1. Field of the Invention
This invention relates to methods of generating optical signals, and, in particular, to methods of efficient generation of microwave frequency (greater than 10 GHz) optical signals using semiconductor lasers for use in optical communication systems, signal processing, radar systems, and RF component testing. Accordingly, it is a general object of this invention to provide new and improved methods of such character.
2. General Background
It is desired to develop optical communications systems and optical modulation methods that will operate in mm wave (greater than 10 GHz) frequency range using semiconductor lasers. The advantages of using optical fibers rather than metal waveguides for distributing microwave signals is well known.
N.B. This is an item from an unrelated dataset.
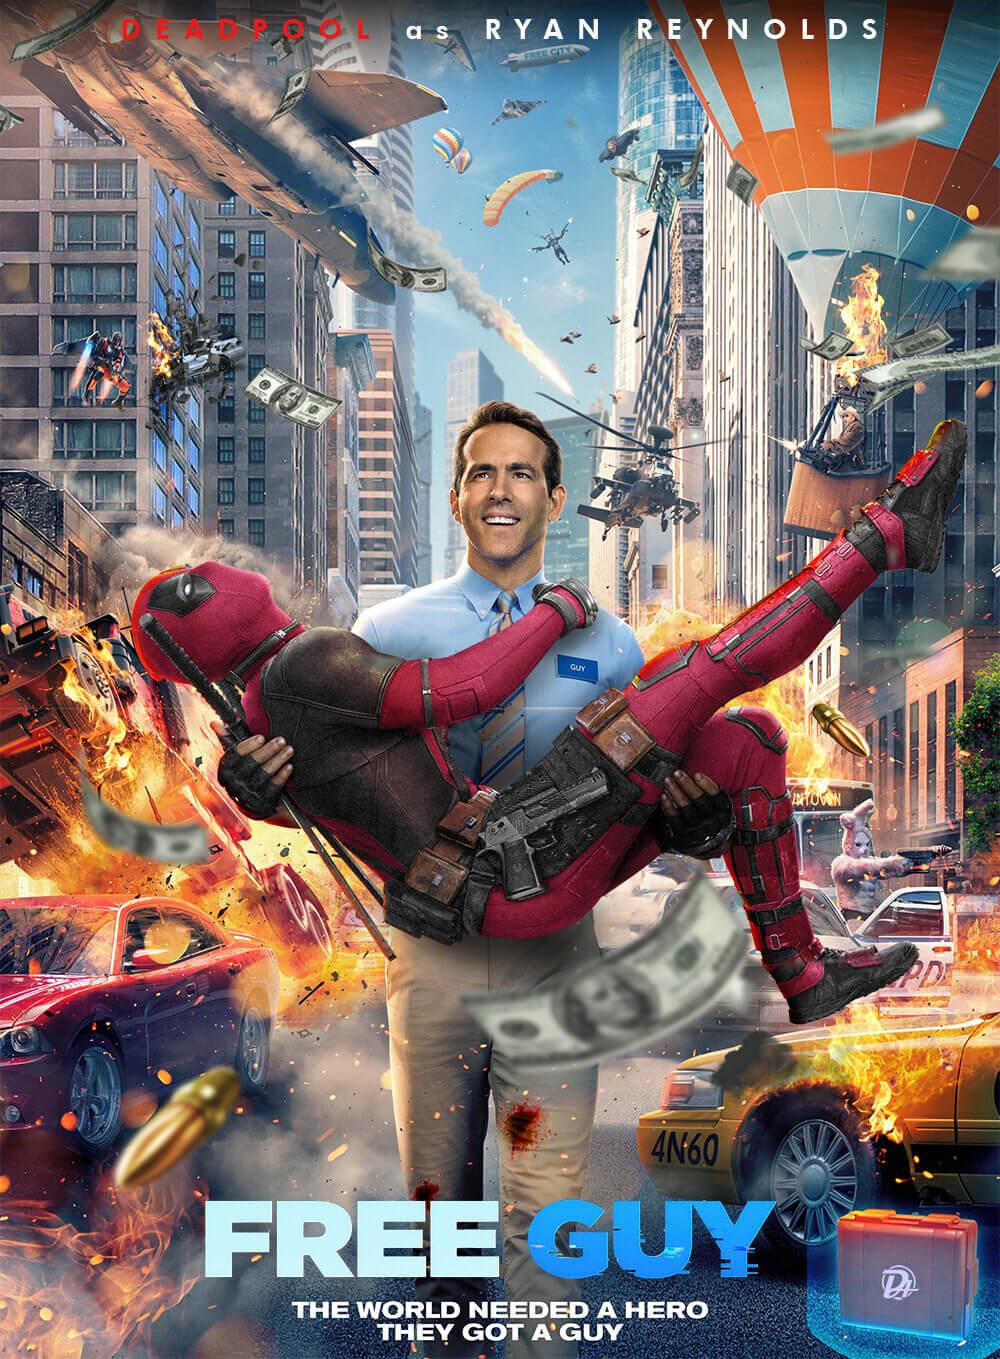 Free-Guy-Deadpool-as-Ryan-Reynolds-1.jpg

For example, optical fibers offer the advantages of low cost, low attenuation, reduced size and weight, and freedom from electromagnetic interference.
While optical detectors with bandwidths .gtorsim.100 GHz have been fabricated, directly modulated semiconductor lasers or waveguide modulators are limited to frequencies .ltorsim.25 GHz. For example, high speed InGaAs detectors with bandwidths of 60 GHz have been reported by J. E. Bowers, C. A. Burrus and F. Mitschke, Electron. Lett. 22, 633 (1986). High speed GaAs detectors with bandwidths of 100 GHz have been reported by S. Y. Wang and D. M. Bloom, Electron. Lett. 19, pp. 554-555. The highest small signal bandwidth achieved at room temperature for a directly modulated semiconductor laser or external cavity traveling wave modulator is 22 GHz (R. Olshansky et al., Electronics Letters 23 pp. 839-841 (1987)) and 25 GHz, according to S. K. Korotky, G. Eisenstein, R. S. Tucker, J. J. Veselka, and G. Raybon, Paper FB4, Topical Meeting on Picosecond Electronics and Optoelectronics, Lake Tahoe, Nev. (1987). It appears that much improvement in semiconductor laser or integrated optic technology is required before devices can be developed with sufficient bandwidth and high power for modulation at the higher frequencies, such as at 35, 44, 60, and 90 GHz, which are of interest for many microwave and military applications (i.e., satellite communications, phased array radar, etc.).